─── Information supplied

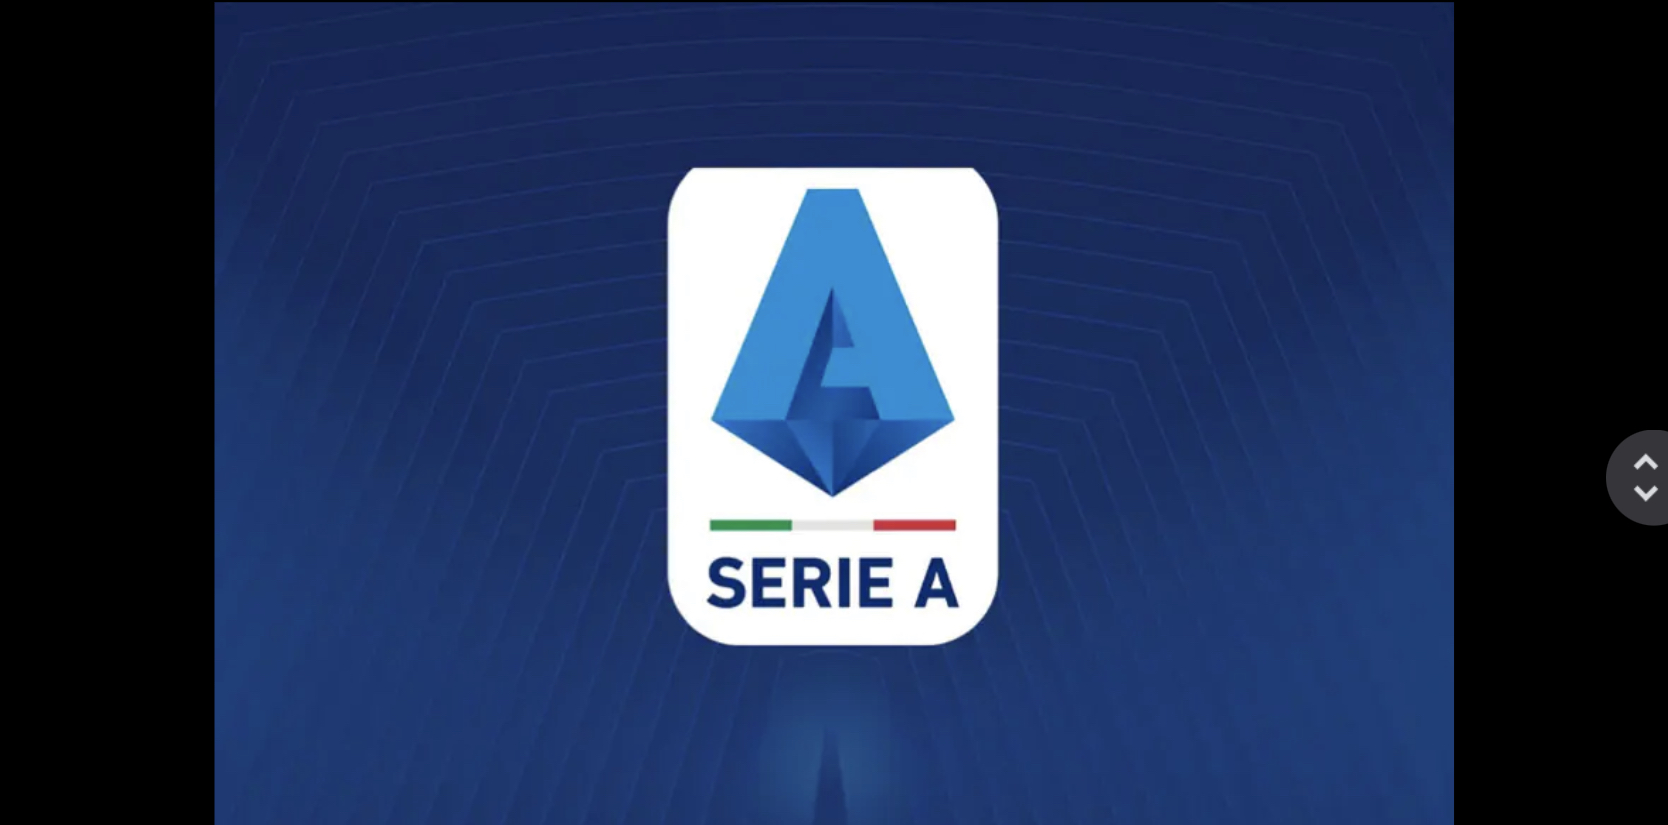 The establishment of the Italian Serie A
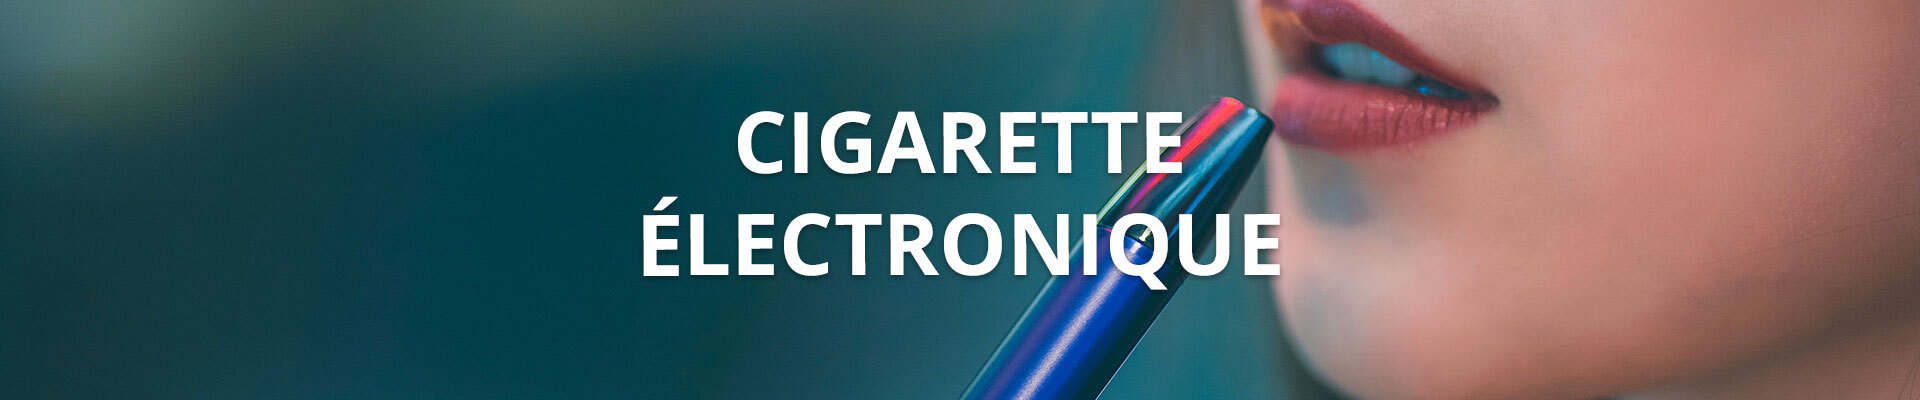 Cigarette électronique
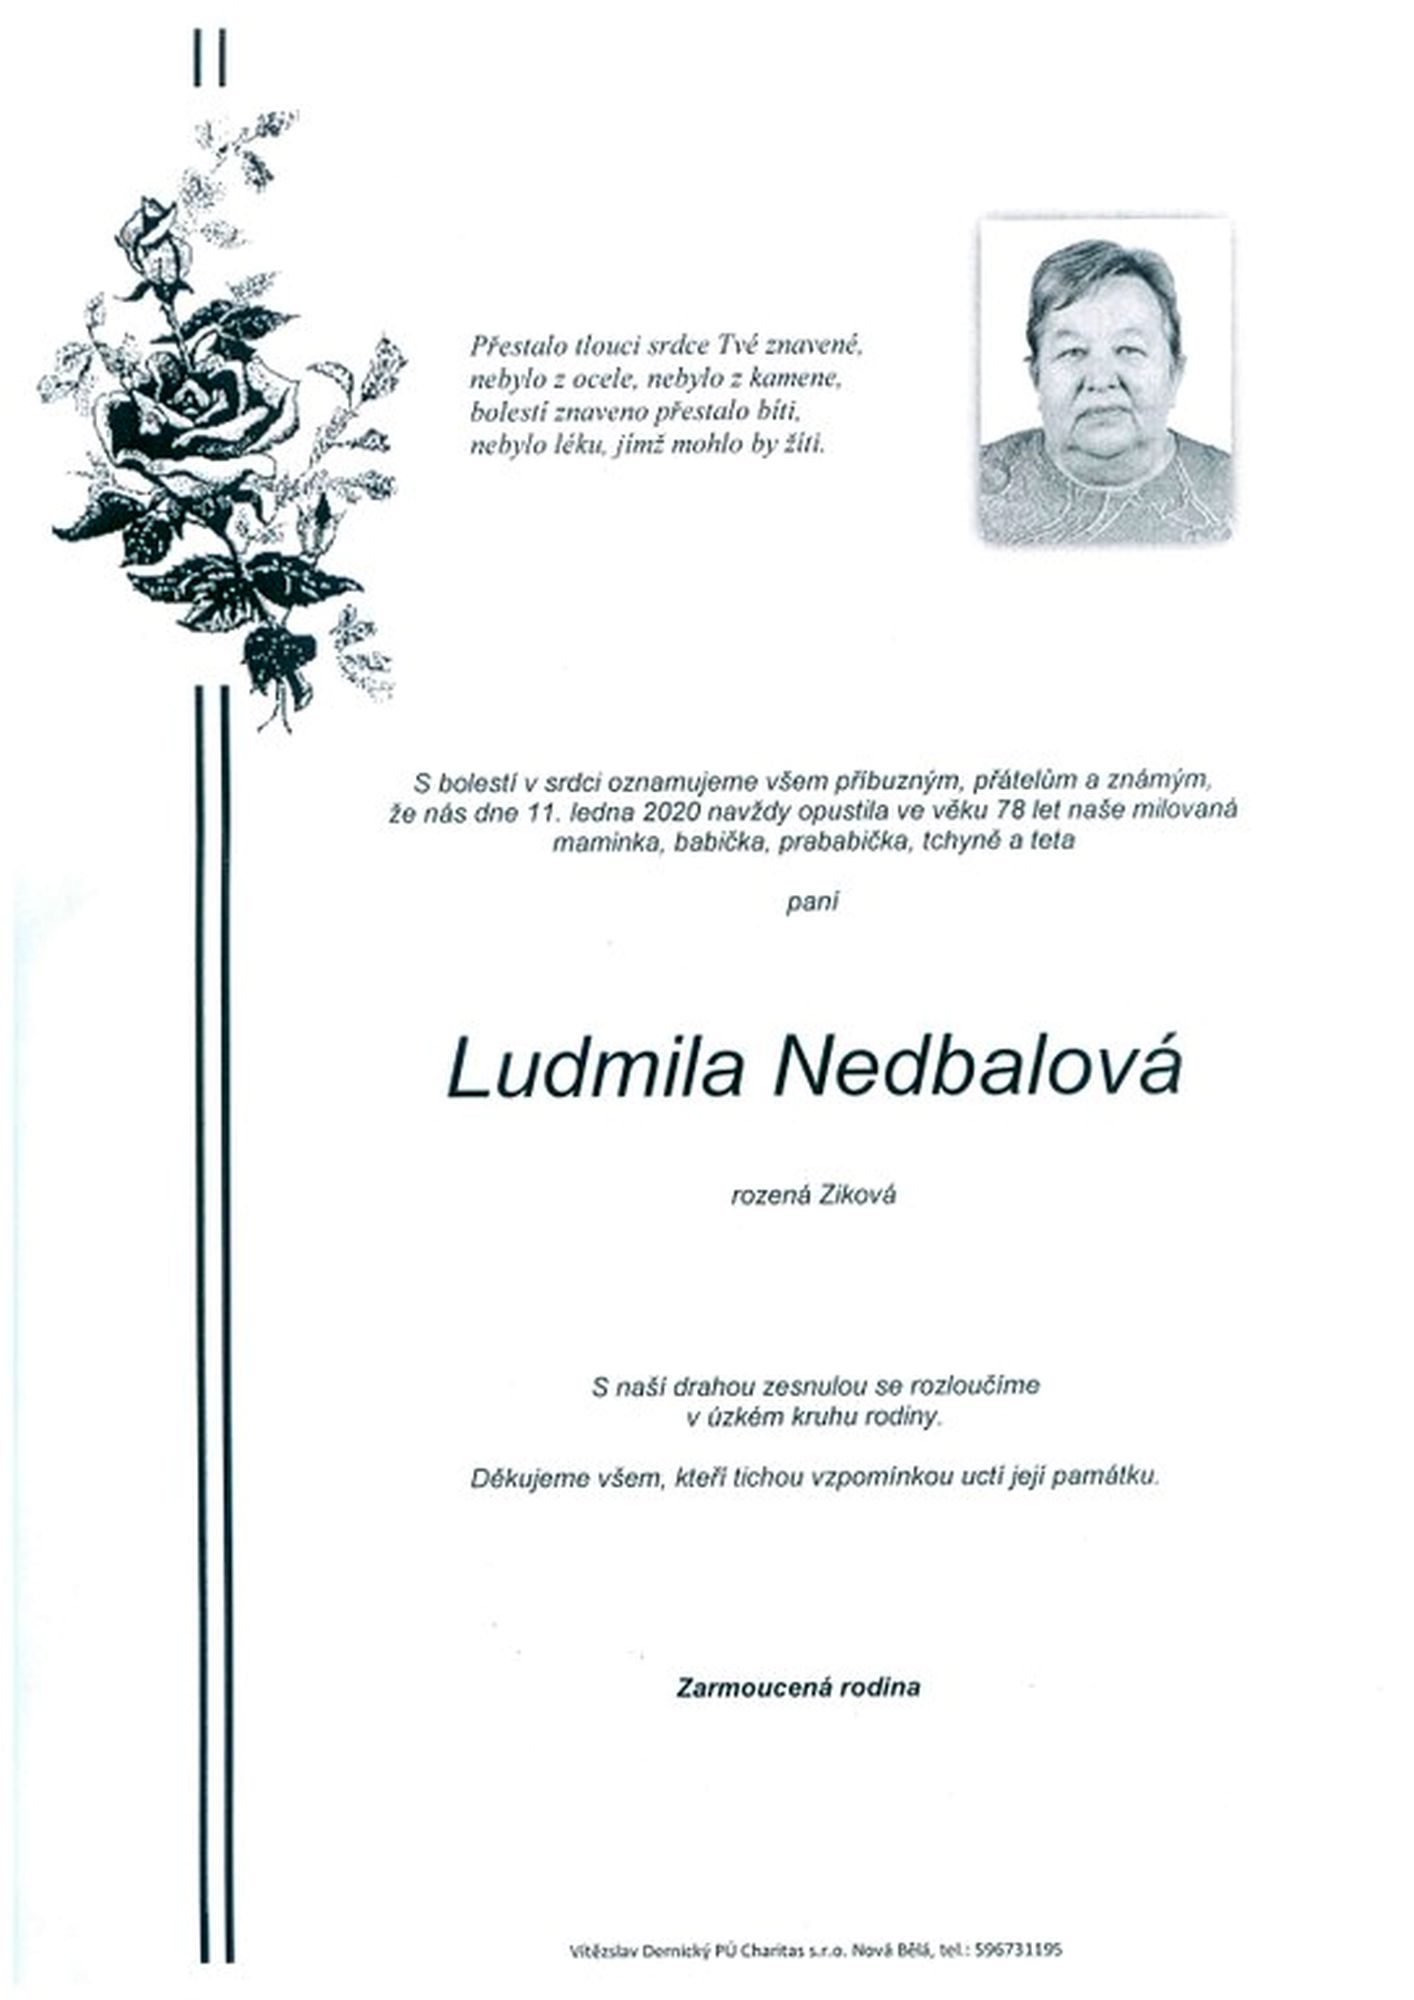 Ludmila Nedbalová

──────

What's needed is every line above, retyped exactly and free of pictures.

▸ **Solution to the exercise**:
 The establishment of the Italian Serie A
 Cigarette électronique
 Ludmila Nedbalová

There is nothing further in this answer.